EXERCISE AIM — Find the line with "Avenue Magazine - FA" in the entries below, then output every line from it down to the line with "worksheet Different Types Of Leaves", exactly and with no pictures.

--- DATA Enclosed Below ---

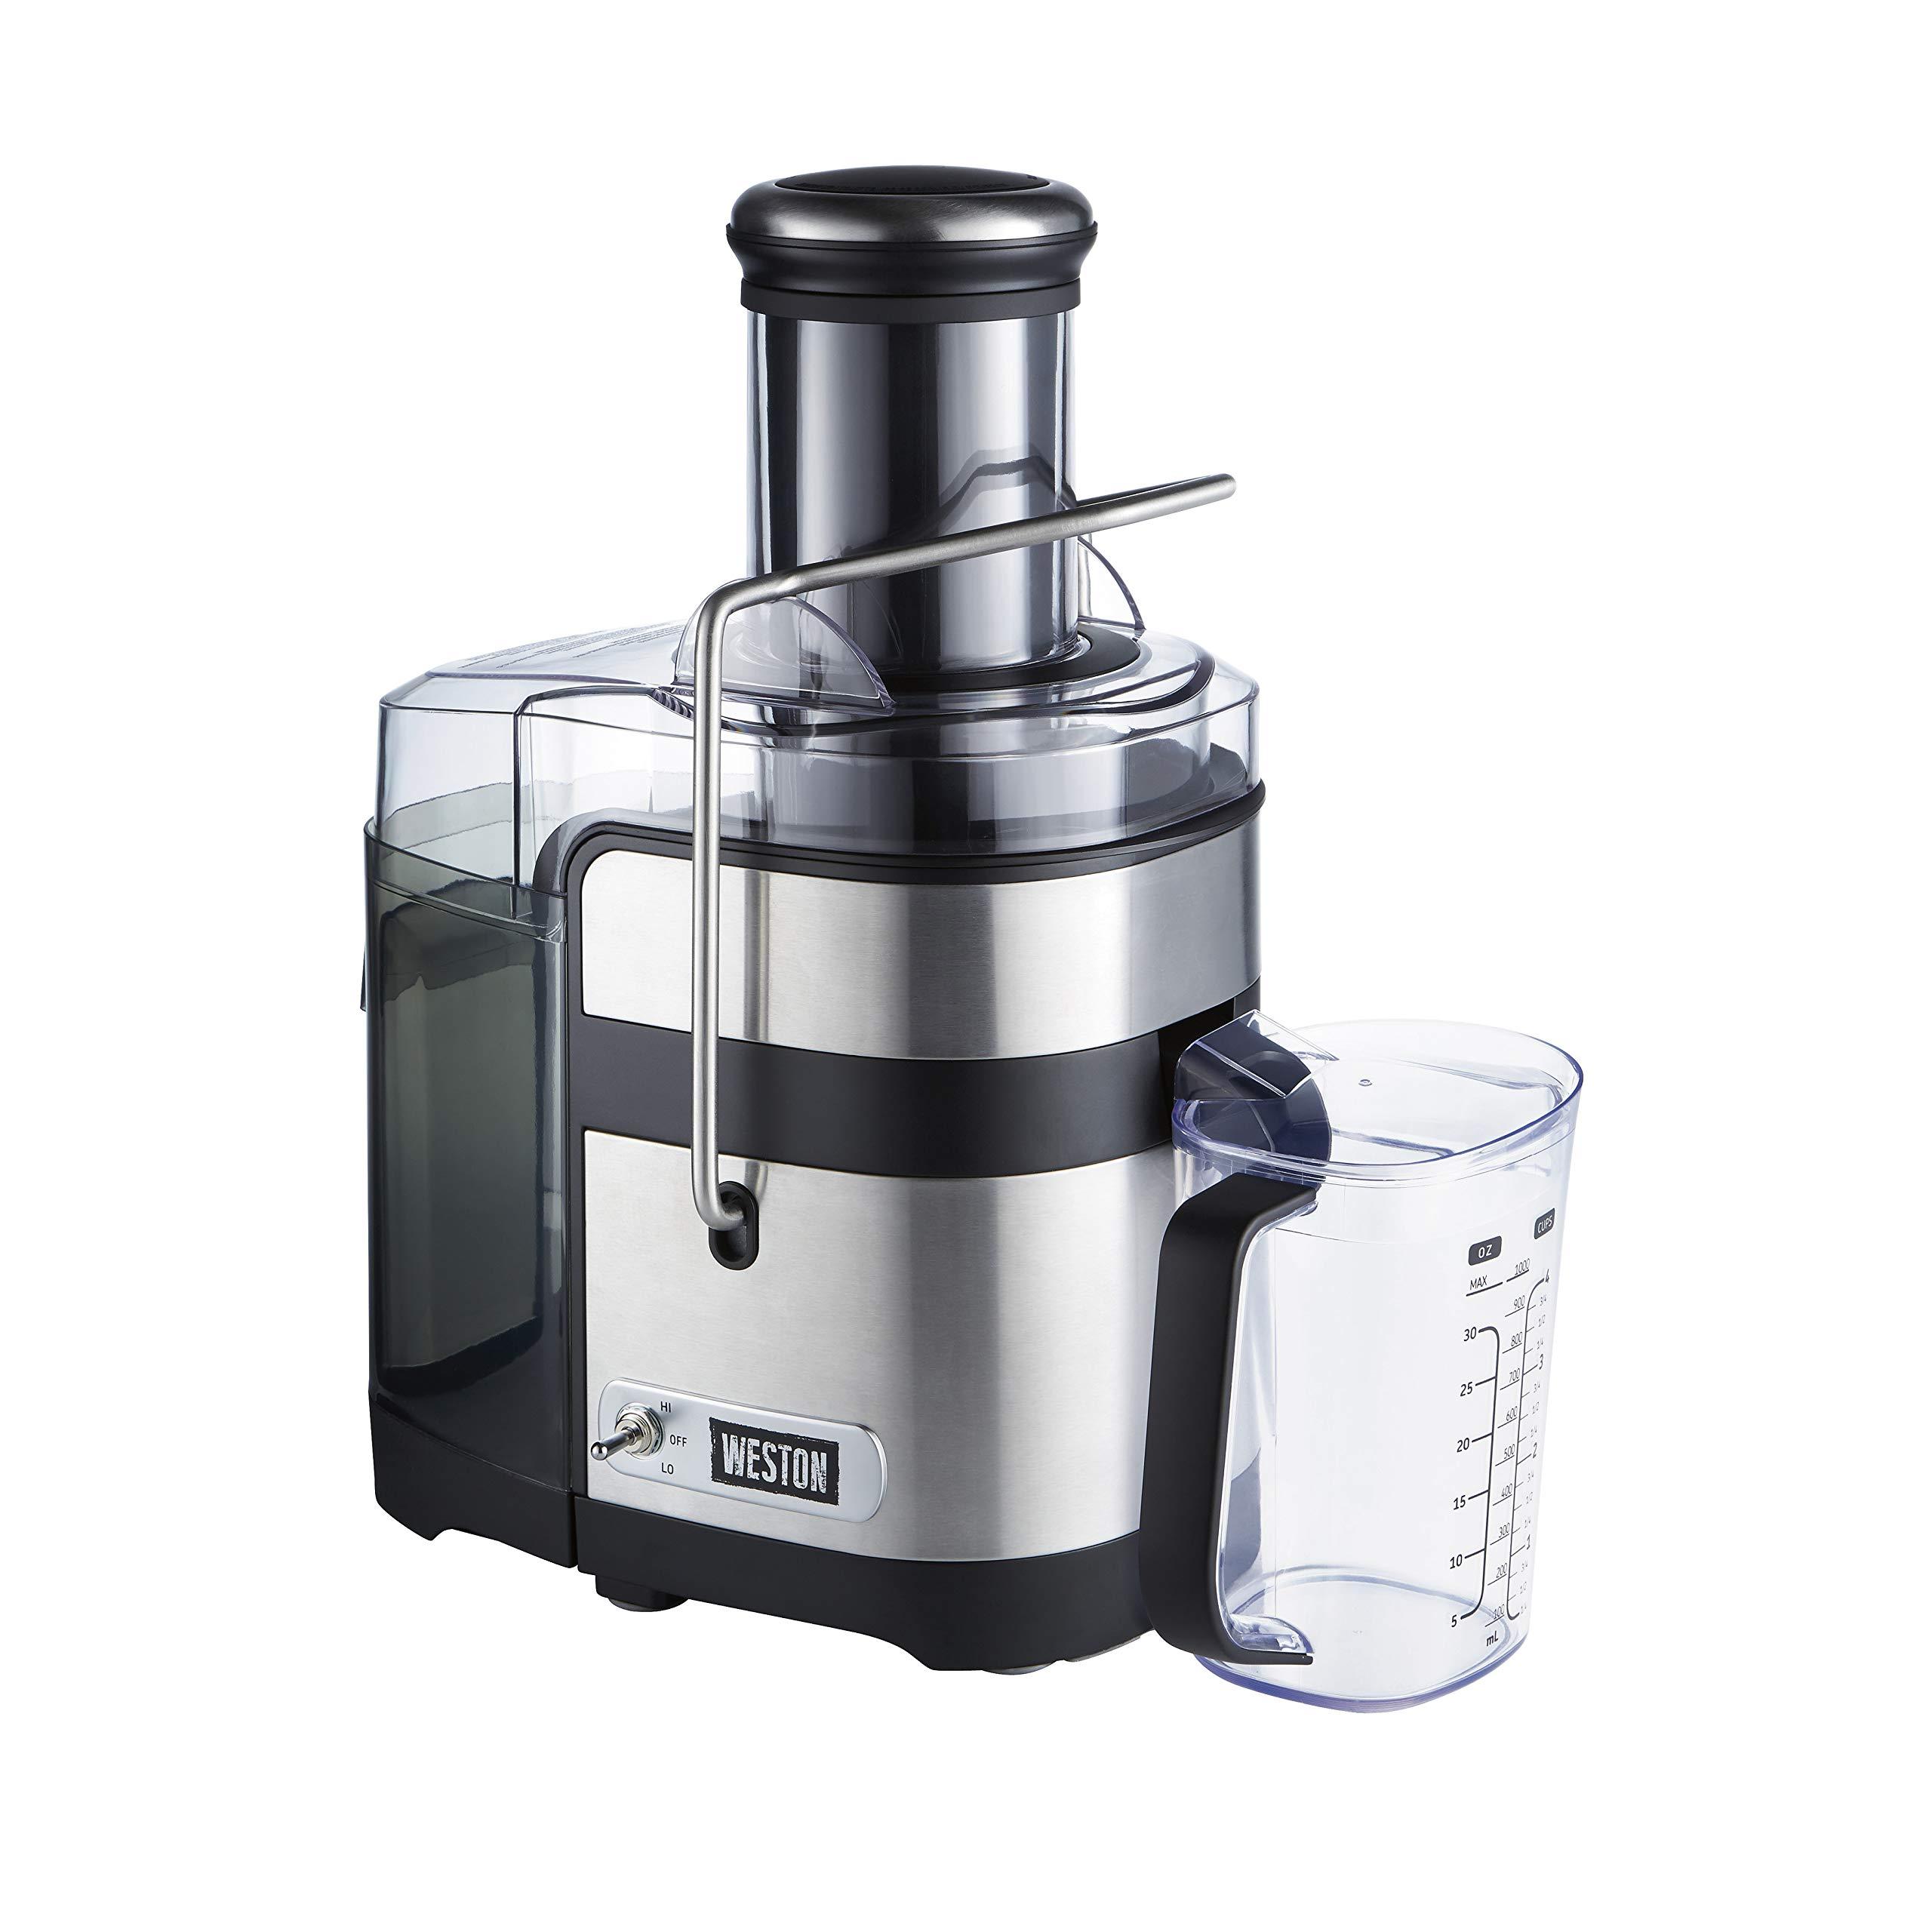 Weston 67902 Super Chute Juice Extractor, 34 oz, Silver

--- End of Enclosed DATA ---
--- DATA Enclosed Below ---

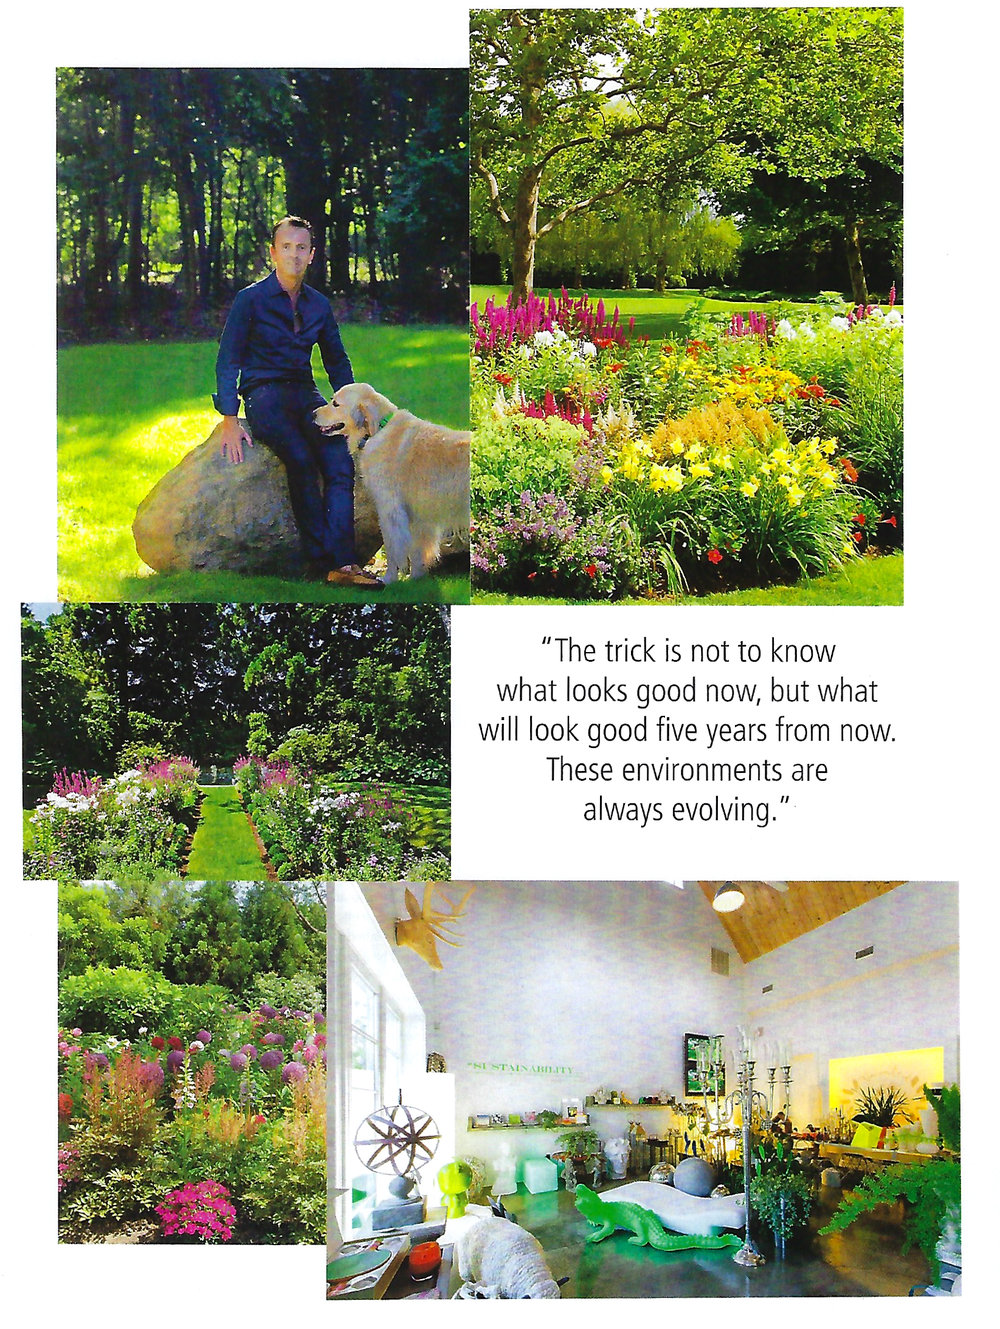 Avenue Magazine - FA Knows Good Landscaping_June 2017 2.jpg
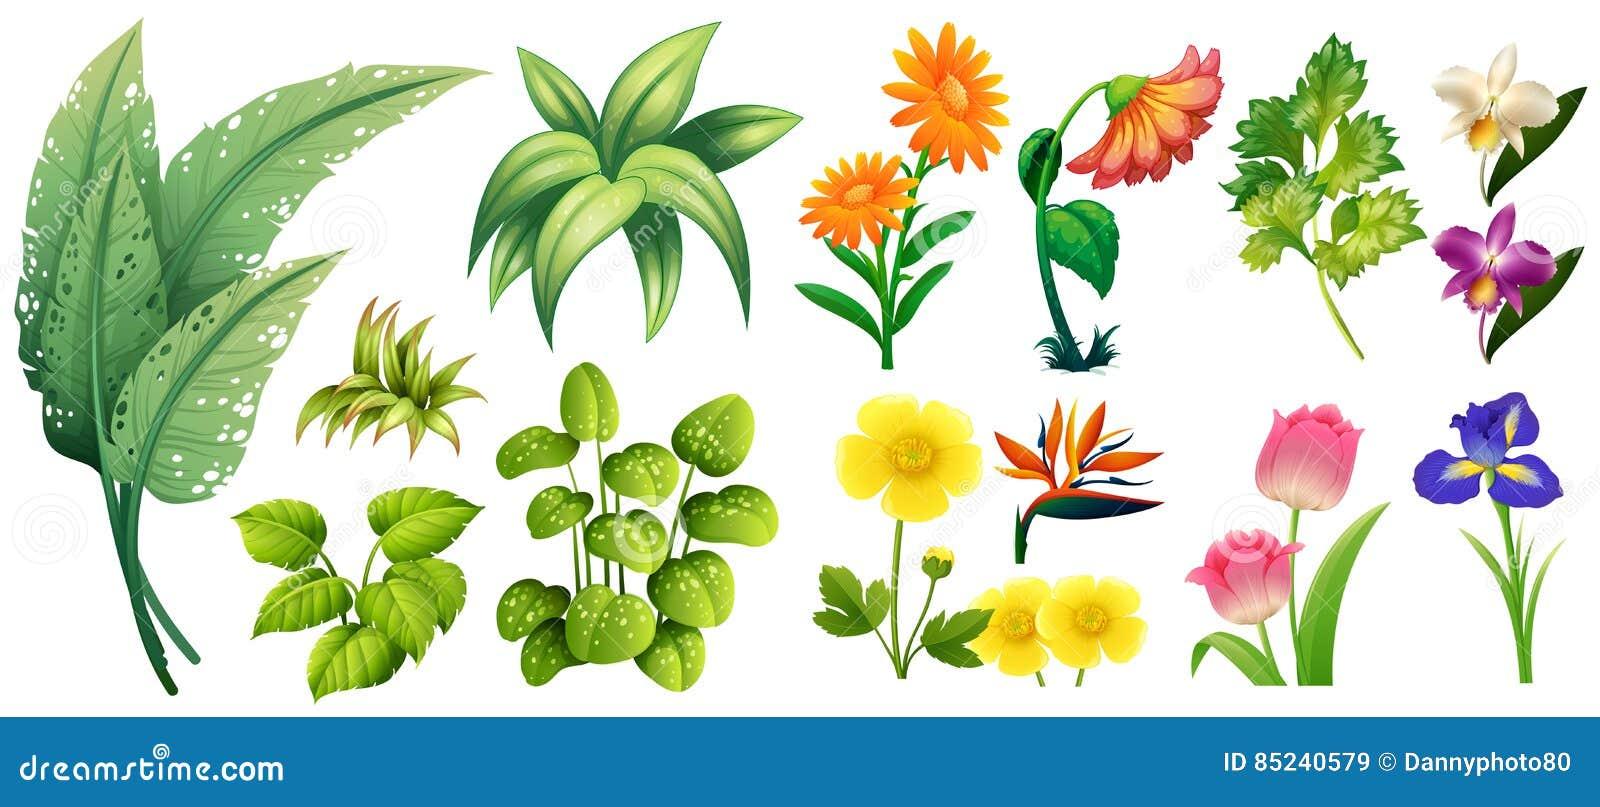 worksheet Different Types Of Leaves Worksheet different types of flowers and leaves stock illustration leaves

--- End of Enclosed DATA ---

ANSWER AREA —
 Avenue Magazine - FA Knows Good Landscaping_June 2017 2.jpg
 worksheet Different Types Of Leaves Worksheet different types of flowers and leaves stock illustration leaves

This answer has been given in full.